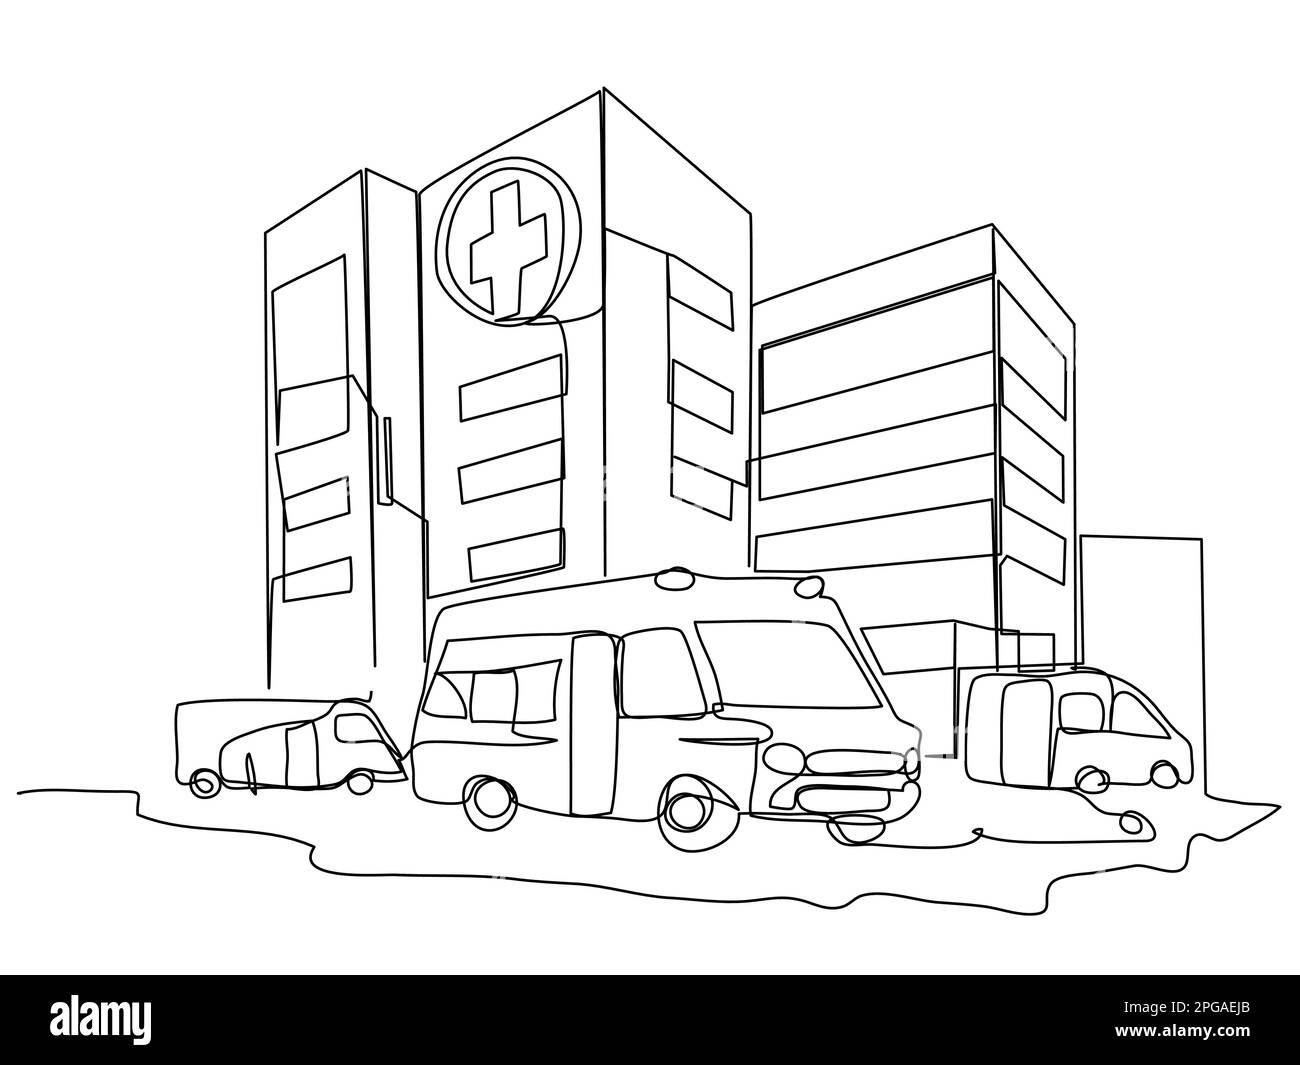 Semplice ospedale con edifici e ambulanze in una linea su uno sfondo bianco. Immagine concettuale della clinica. Illustrazione vettoriale stock con editab Illustrazione Vettoriale
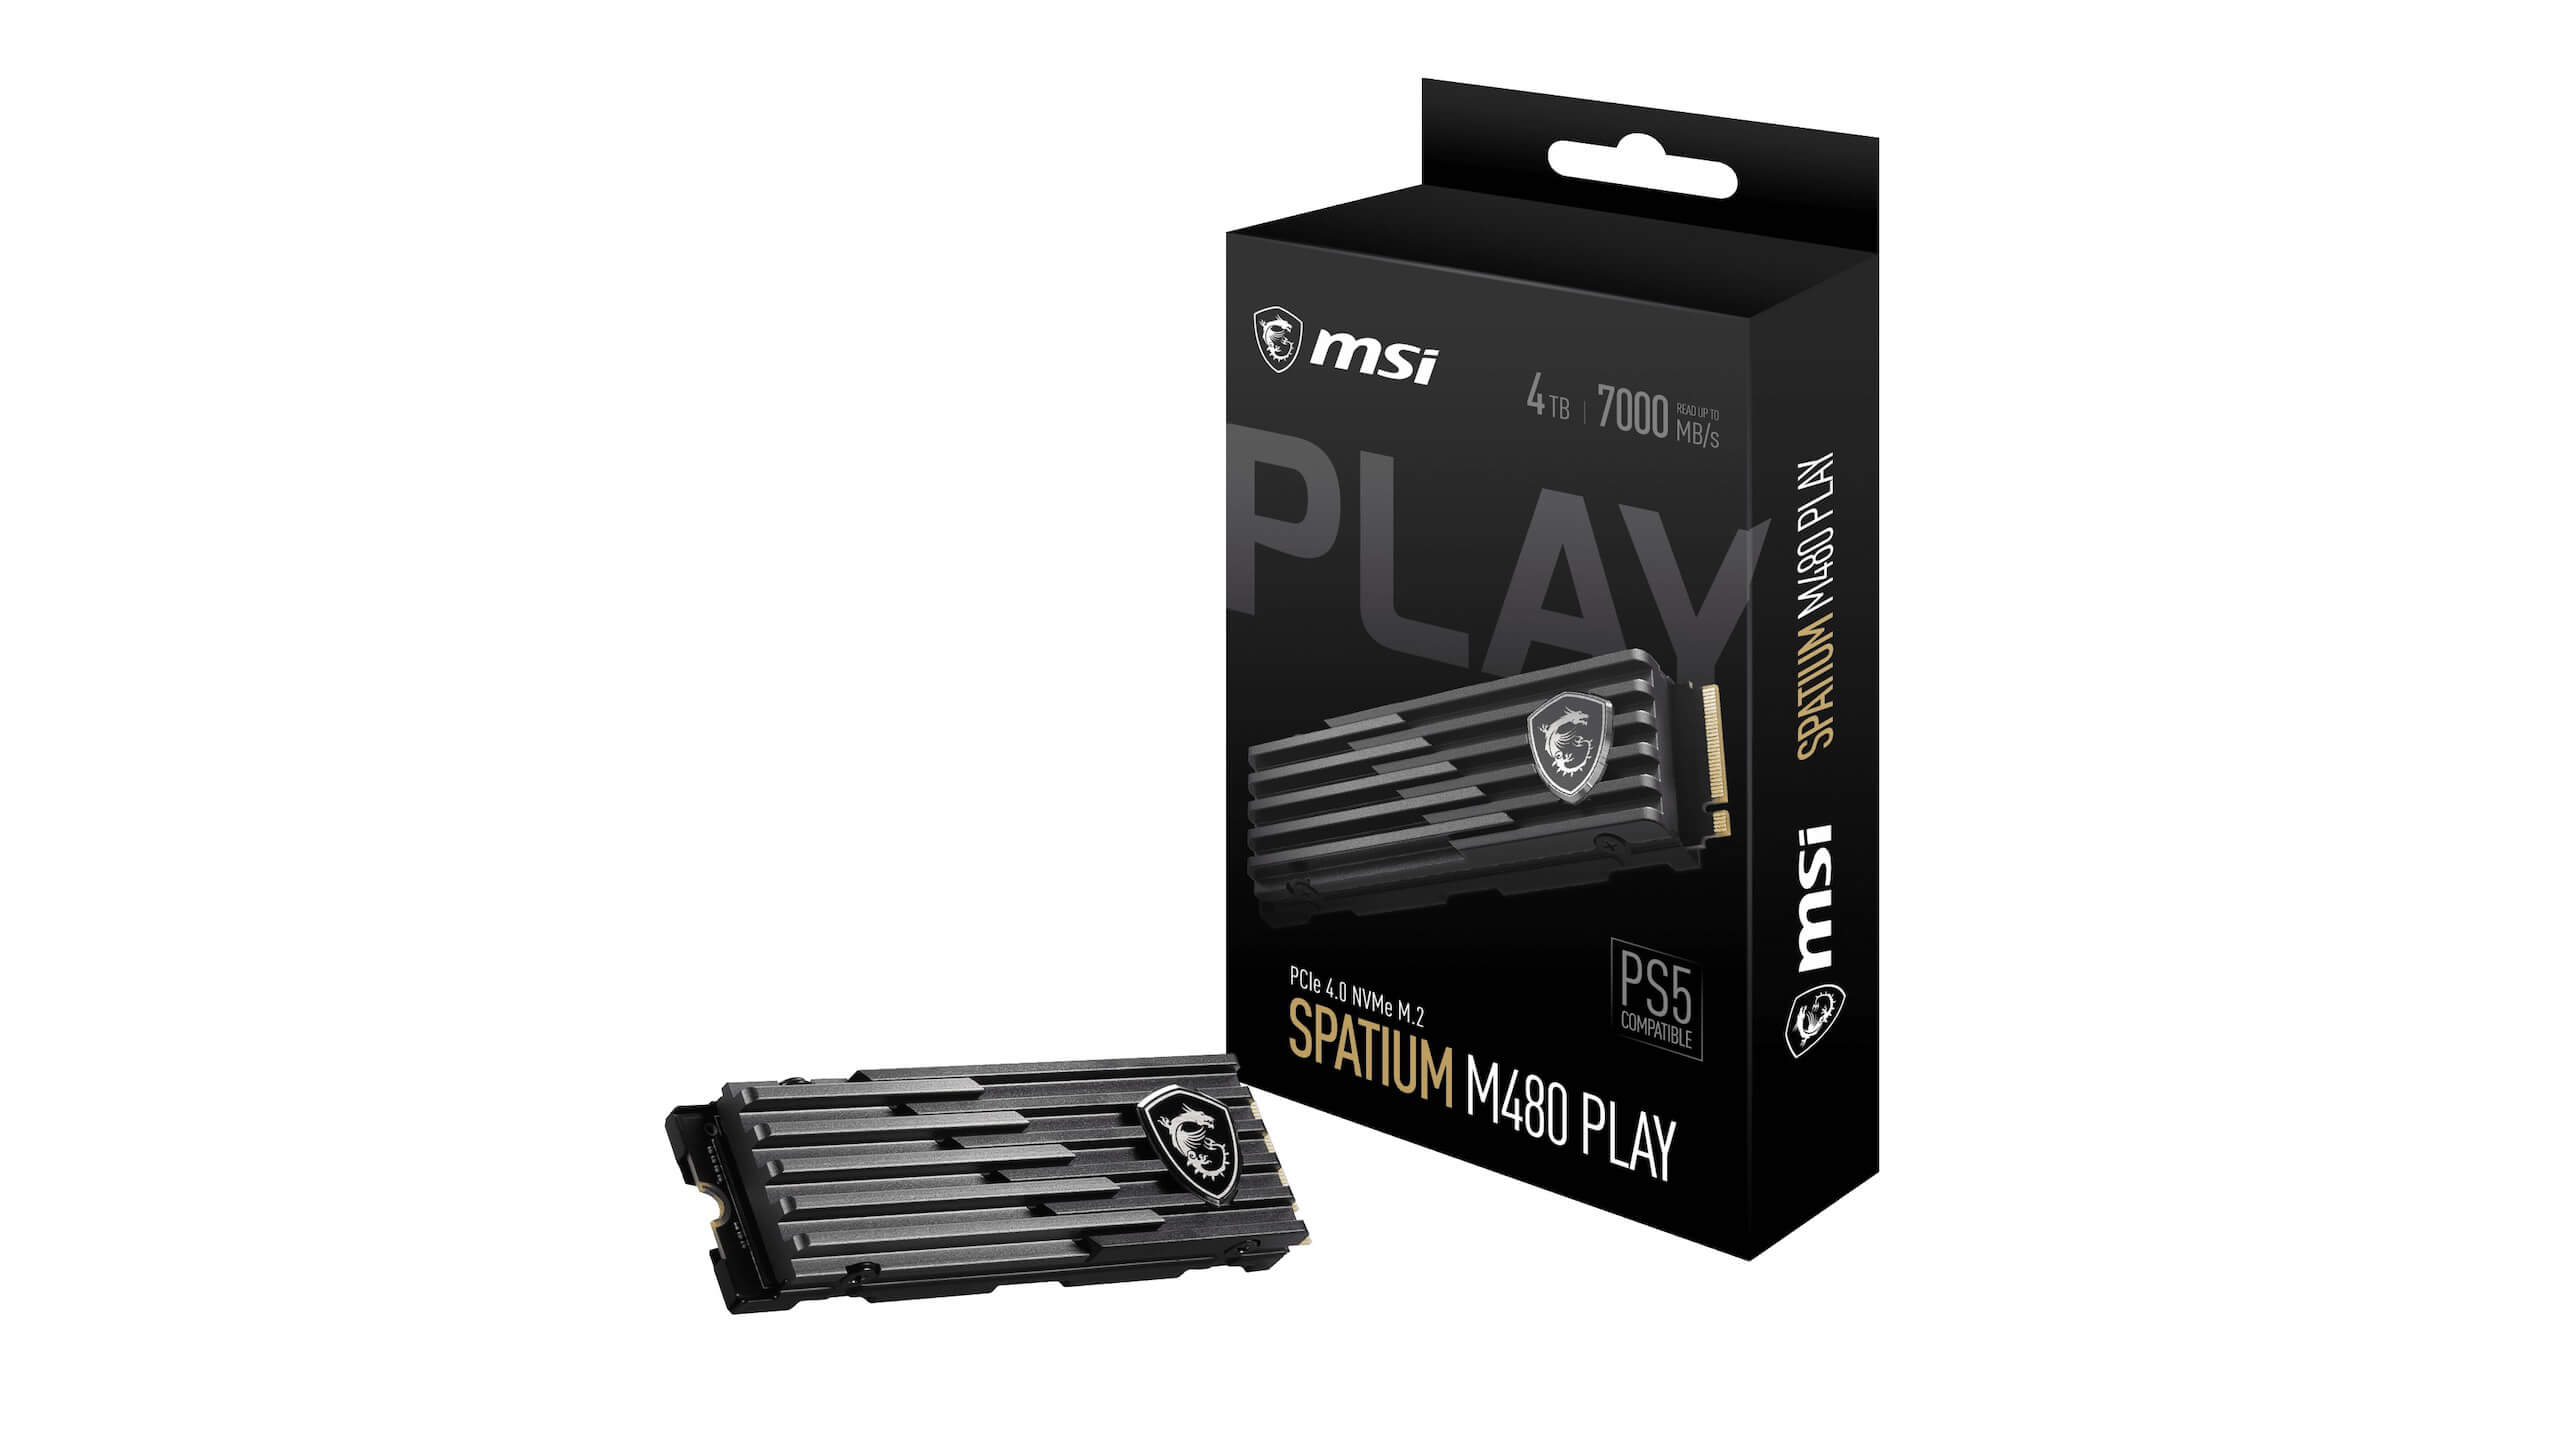 MSI Spatium M480 Pro Play
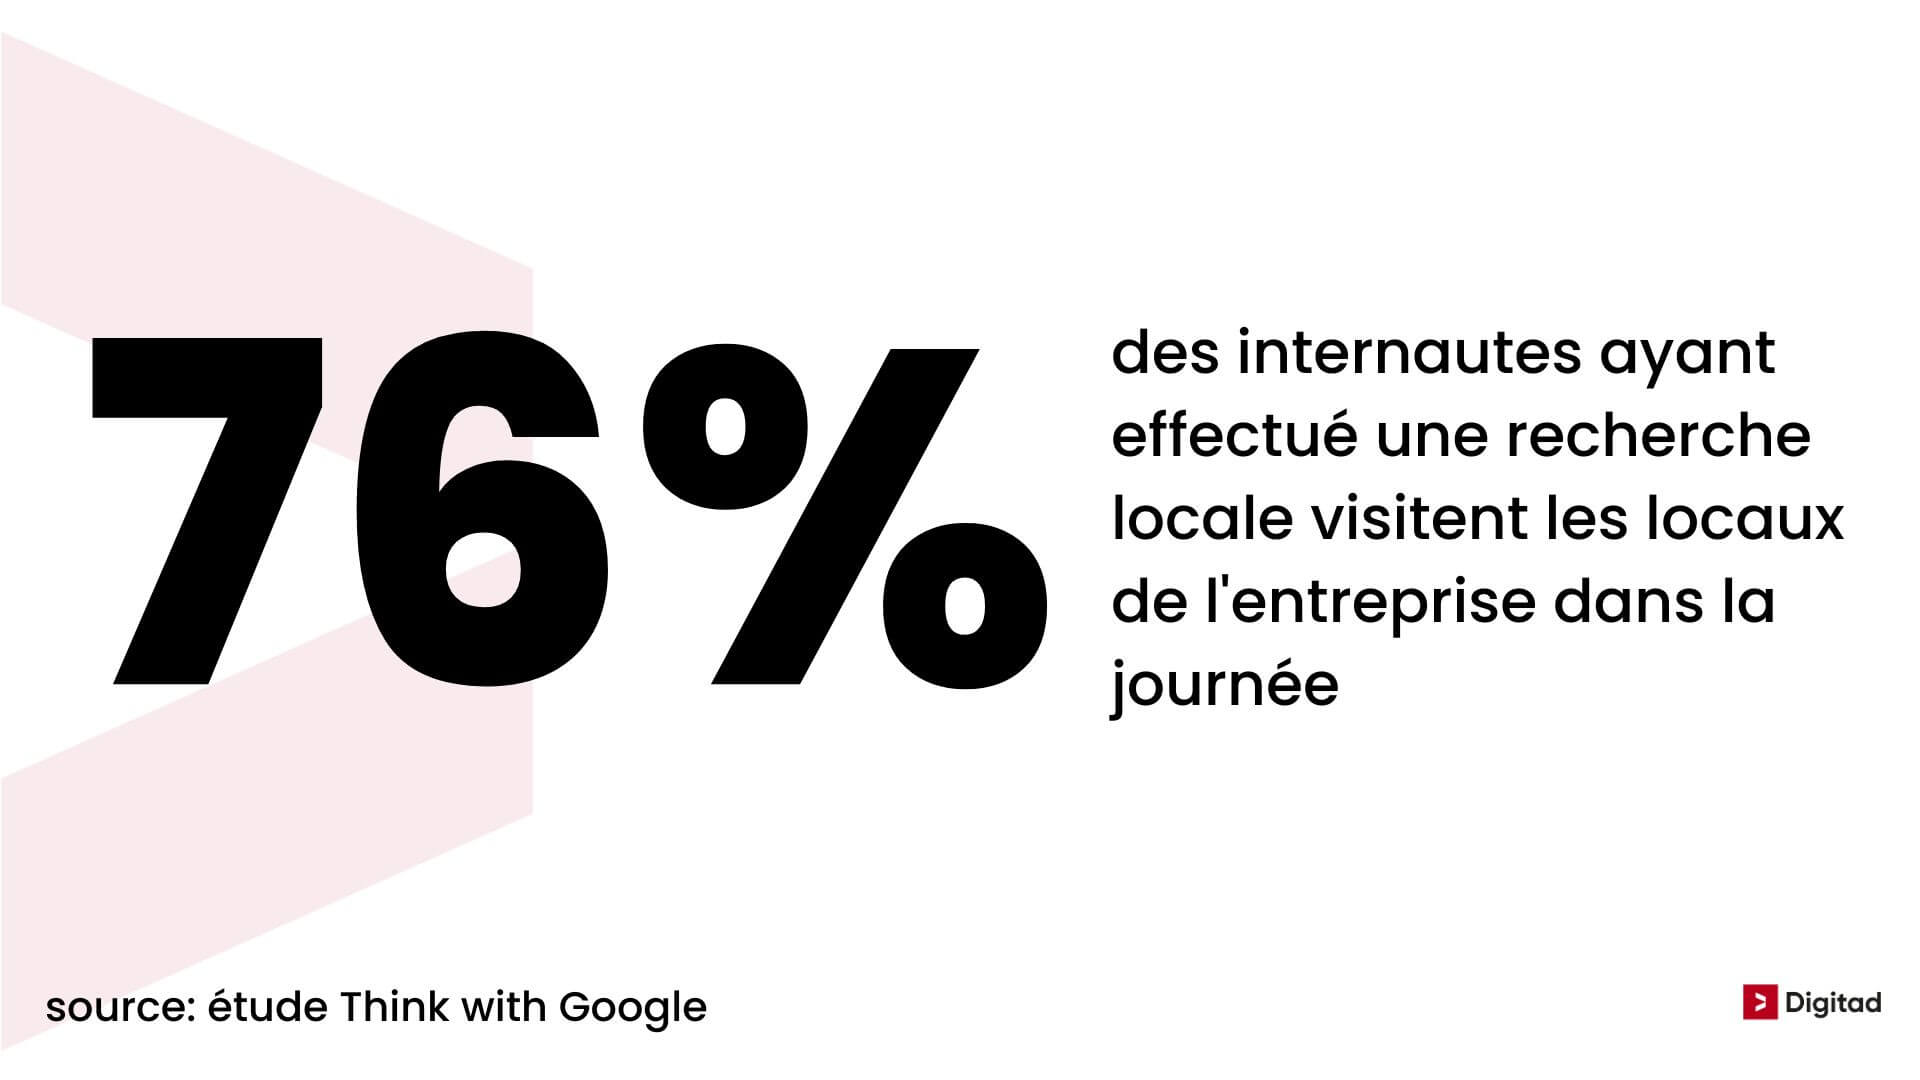 76% des internautes ayant effectué une recherche locale viennent dans l'entreprise dans la journée.

■ ■ ■ ■

> **ABOUT THIS EXERCISE**
Without the images, print all of the lines above exactly.

> **ANSWER TO THE PROBLEM**
 Semplice ospedale con edifici e ambulanze in una linea su uno sfondo bianco. Immagine concettuale della clinica. Illustrazione vettoriale stock con editab Illustrazione Vettoriale
 MSI Spatium M480 Pro Play
 76% des internautes ayant effectué une recherche locale viennent dans l'entreprise dans la journée.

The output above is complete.